What Types of Issues Arise with Respect to Non-Compete Agreements in Virginia
Non-compete agreements in the Commonwealth of Virginia tend to be viewed as somewhat disfavored and have been viewed somewhat negatively as a type of restraint on business. As a result, in Virginia, non-compete agreements have a better chance of success, if enforcement is attempted, the more narrowly tailored that they are. Courts in Virginia will enforce reasonable non-compete agreements. Non-compete agreements, in this narrow sense, must be prepared to: (1) protect a bona fide employer’s interest; (2) must be reasonable; and (3) must not be against public policy. There are a number of specific features that come into play in Virginia with respect to these 3 variables. Typically, a valid business interest is considered the extent to which a non-compete agreement protects the employer from poaching existing customers, trade secrets, or other confidential information.
Keeping in mind that these types of non-compete agreements must be drawn narrowly, courts in Virginia will not enforce agreements that are overbroad or unreasonable. Some pitfalls in non-compete agreements include the following: (1) agreements that impose overbroad geographical limitations (i.e. a prohibition on competing in the United States where the service area is only a portion of Virginia); (2) unreasonable time constraints (i.e. a 20-year restriction; although each determination is based on the individual facts of a case); (3) agreements prohibiting an employee from working in any capacity for a competitor; (4) agreements whose terms and not clear or discernible; (5) agreements for licensed professionals (physicians, lawyers, etc.) which may be barred on public policy grounds; and (6) agreements that unfairly burden an employee’s ability to obtain alternative employment.

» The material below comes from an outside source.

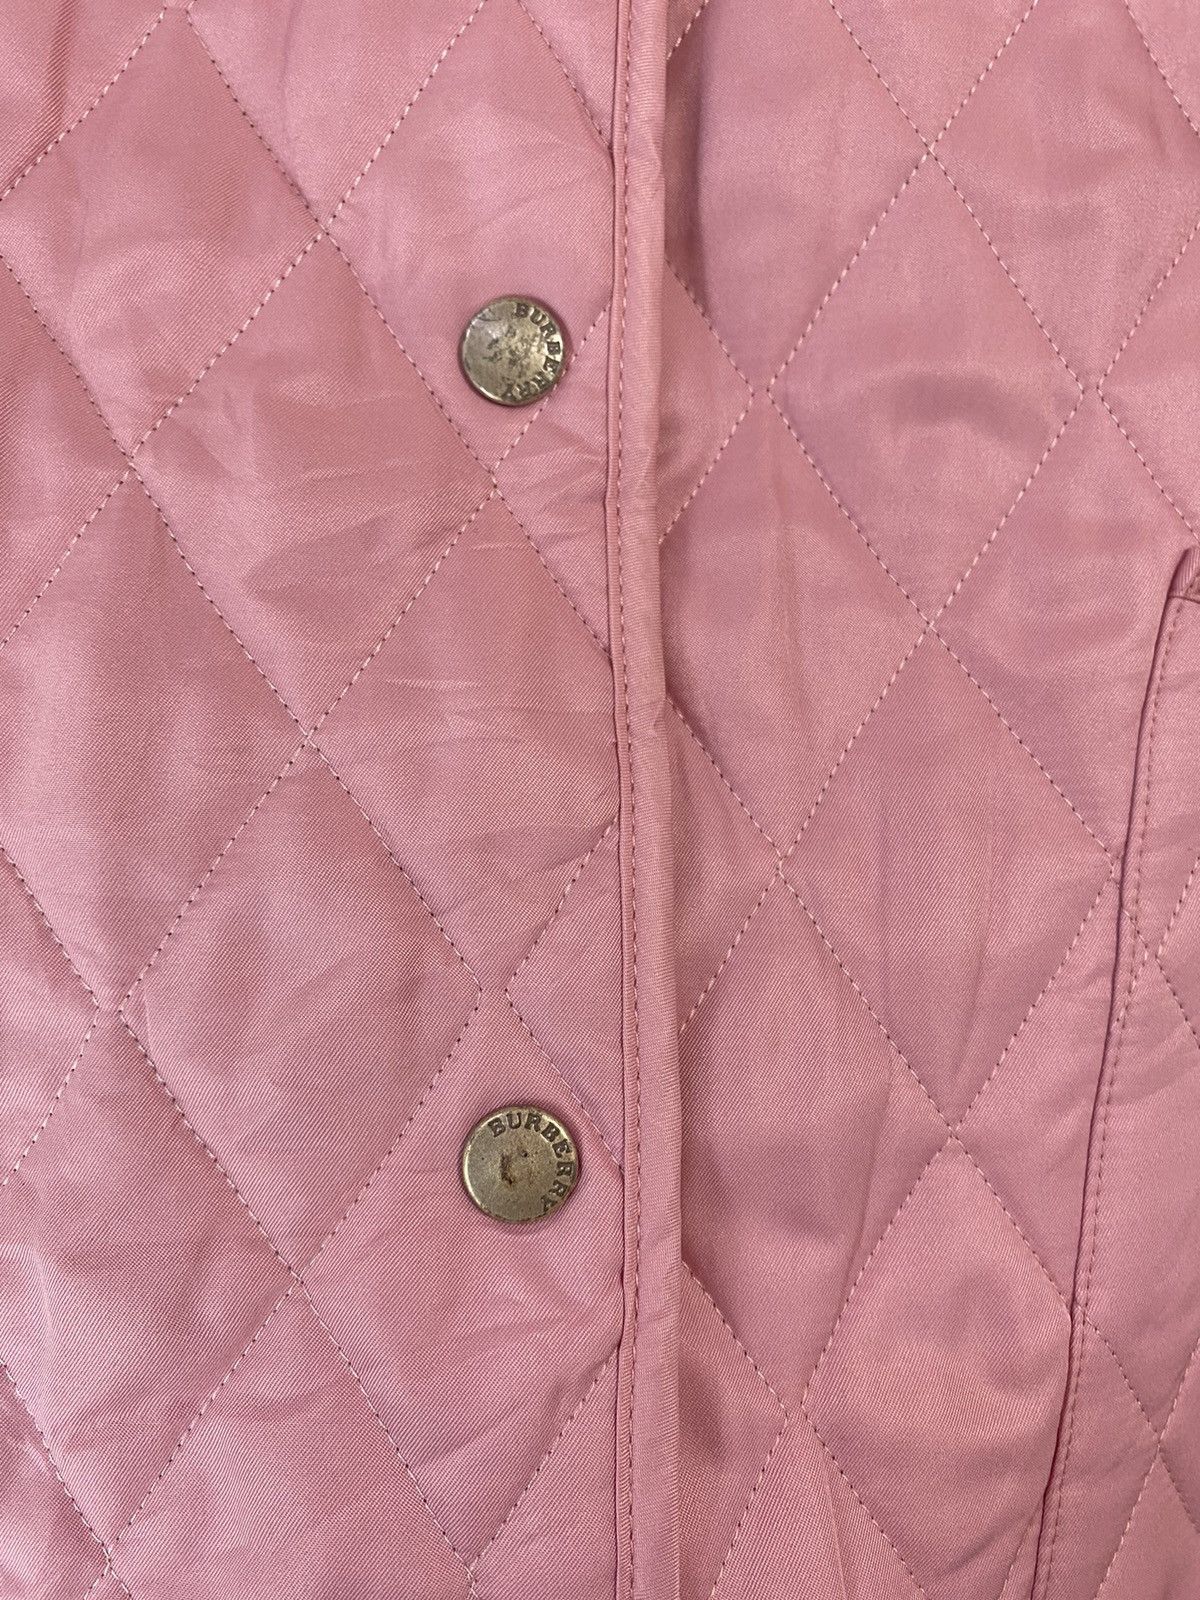 Burberry Quilted Jacket Design Pink Color Nova Check - 7

Other potential issues with non-compete agreements exist and it is important for an employer to structure a clear and fair non-compete agreement in order for it to be upheld by the Virginia courts. It is important for an employee to understand their obligations as well.
Obtain Legal Advice About Non-Compete Agreements
When entering into a non-compete agreement or when questions arise as a result of the non-compete agreement it is very important to seek counsel before signing this type of agreement or when questions of enforcement arise. Our law firm represents employees and businesses with respect to non-compete agreements. We can be contacted at www.berrylegal.com for legal advice and consultation in such matters. Please also visit and like us on Facebook at www.facebook.com/BerryBerryPllc.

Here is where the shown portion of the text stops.